Insulin stimulates tyrosine phosphorylation of its receptor beta-subunit in intact rat hepatocytes.

R Ballotti, A Kowalski, M F White, Y Le Marchand-Brustel, E Van Obberghen
PMCID: PMC1147530  PMID: 3551929

Abstract

We studied the phosphorylation of the beta subunit of the insulin receptor in intact freshly isolated rat hepatocytes, labelled with [32P]Pi. Insulin receptors partially purified by wheat-germ agglutinin chromatography were immunoprecipitated with either antibodies to insulin receptor or antibodies to phosphotyrosine. Receptors derived from cells incubated in the absence of insulin contained only phosphoserine. Addition of insulin to hepatocytes led to a dose-dependent increase in receptor beta-subunit phosphorylation, with half-maximal stimulation being observed at 2 nM-insulin. Incubation of cells with 100 nM-insulin showed that, within 1 min of exposure to the hormone, maximal receptor phosphorylation occurred, which was followed by a slight decrease and then a plateau. This insulin-induced stimulation of its receptor phosphorylation was largely accounted for by phosphorylation on tyrosine residues.
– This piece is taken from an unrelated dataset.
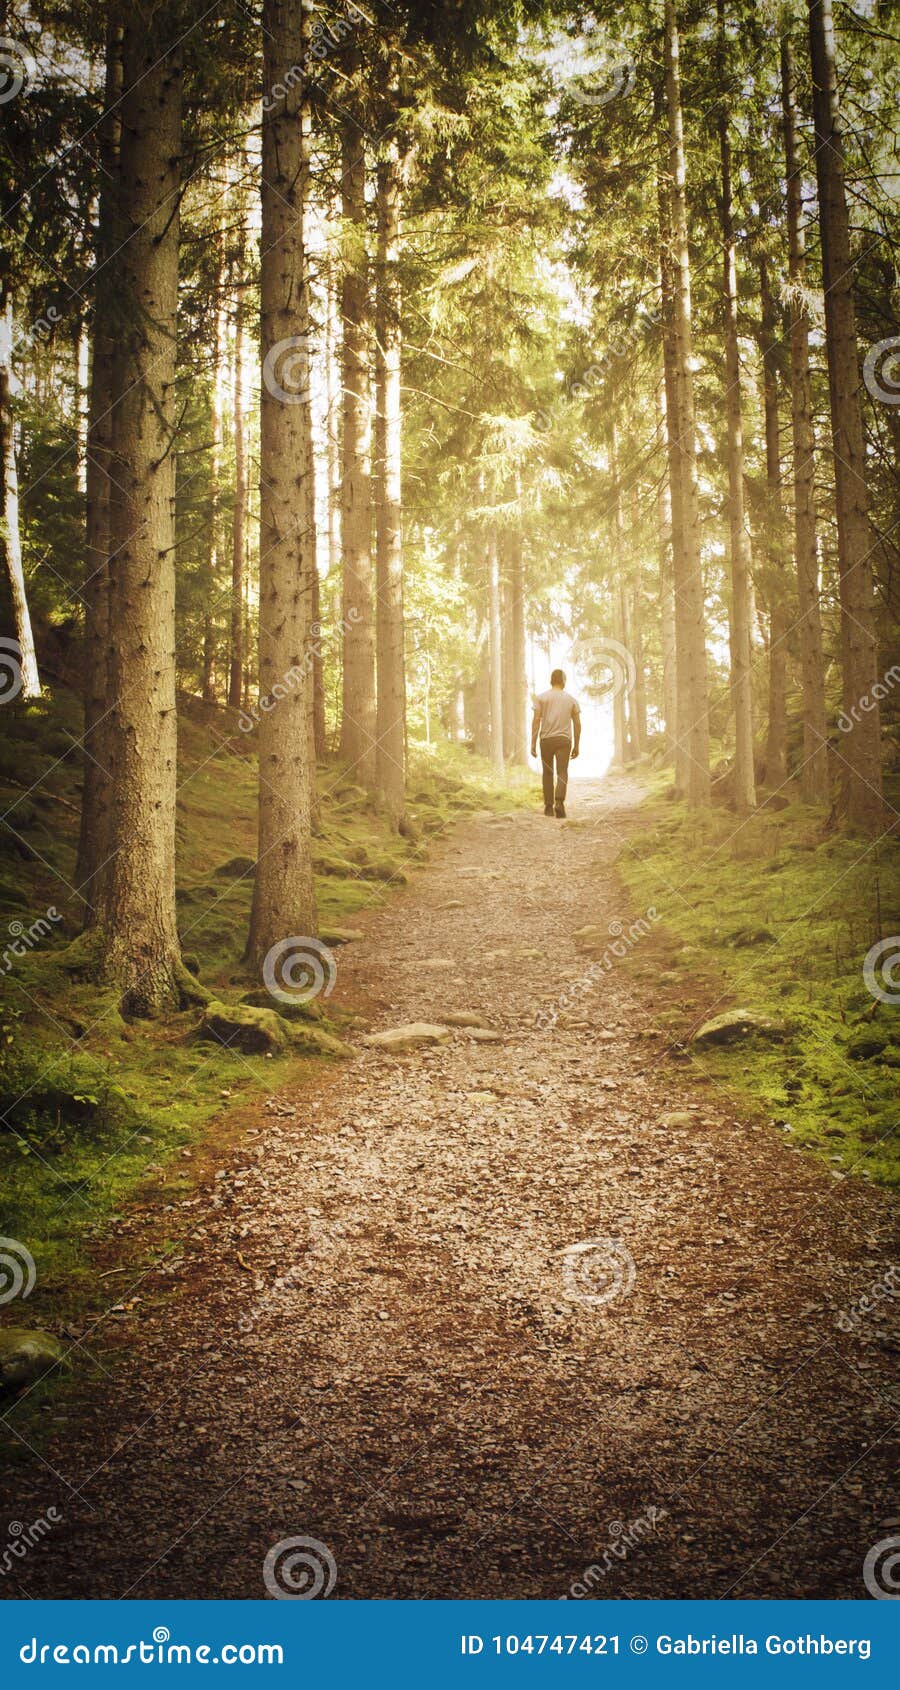 man walking up path towards the light in magic forest.

Sequential immunoprecipitation of receptor with anti-phosphotyrosine antibodies and with anti-receptor antibodies, and phosphoamino acid analysis of the immunoprecipitated receptors, revealed that receptors that failed to undergo tyrosine phosphorylation were phosphorylated on serine residues. The demonstration of a functional hormone-sensitive insulin-receptor kinase in normal cells strongly supports a role for this receptor enzymic activity in mediating biological effects of insulin.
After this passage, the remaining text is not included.